Assay in Plasma Matrix

The assays conducted under plasma sample matrix were performed using the same protocol applied to standard assays in PBS with the exception that IFNγ standards were diluted into plasma.

Sensor Characterisation

40 μL of 1 M NaCl was used as a reference sample in each of five previously described bespoke electrochemical measurement cells. The described in-house control board supplying a reference electrode bias of −300 mV was used to collect amperometric data over an extended measurement period of 400 s.

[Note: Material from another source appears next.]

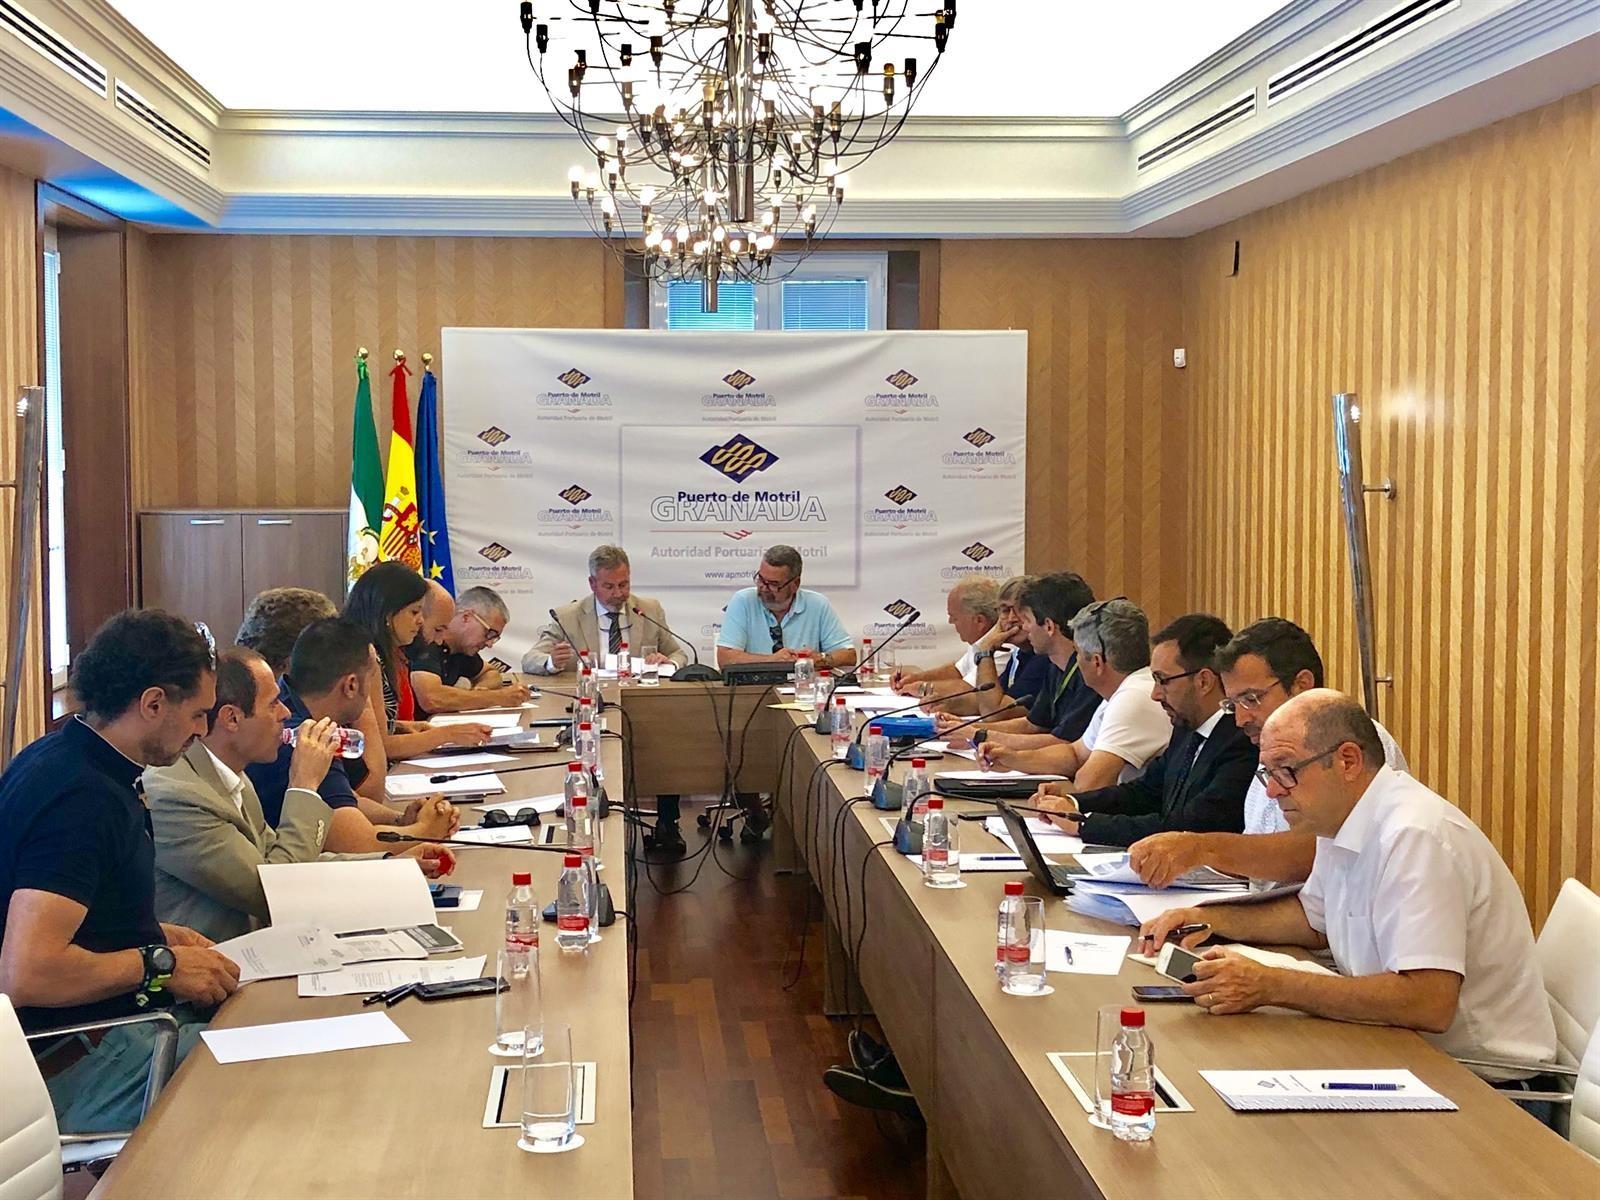 El Puerto de Motril constituye una comisión encargada de las relaciones con la ciudad

The 16-channel Bio-Instrumentation Board

A custom-made, 4 layer Printed Circuit Board (PCB) has been designed and fabricated for the appropriate biasing of the PCB-based amperometric sensor and for the concurrent amperometric signal detection (see Fig. 8). The bioinstrumentation board is providing 16 current input channels (where working electrodes are connected) and 32 reference and counter electrode connections (16 connectors each). The captured input current is converted into a voltage signal using standard transimpedance amplifier topologies (LTC2055 operational amplifier from Linear Technologies) with high accuracy feedback resistors (0.1% tolerance) and is filtered from high-frequency noise components using appropriate value capacitors. Subsequently, two, fully-differential eight channel, 16-bit resolution voltage-input Analogue-to-Digital Converters (ADCs) ADS1198 (Texas-instruments) are employed for the digitisation of the incoming voltage signals23. The ADCs are operating with bipolar power supply (±2.5 V) and therefore, are able to detect both reduction and oxidation reaction currents. The overall design of the board revolves around the idea of immediate digitisation of the analog biosensor signals, process them by means of standard Digital Signal Processing (DSP) techniques and finally send them to the user in digital form either to a PC or to the embedded on-board TFT touch screen24, 25. The appropriate biasing voltages for the reference electrodes are provided by a two-wire interface, 12-bit, single channel Digital-to-Analog Converter (DAC), the AD5321 (Analog Devices) coupled with an OP295 (Analog Devices) operational amplifier-based circuit topology, which allowed bipolar operation of the DAC. Finally, 4 high-precision, bipolar power supply, low offset voltage quad amplifiers LMP7704 (Texas Instruments) have been placed as potentiostats for the three-electrode amperometric measurement. The total current consumption of the electrical platform does not exceed 80 mA, which translates into an ~30 h full operation from a low-cost commercially available 3.7 V, 2500 mAh Li-Ion rechargeable battery.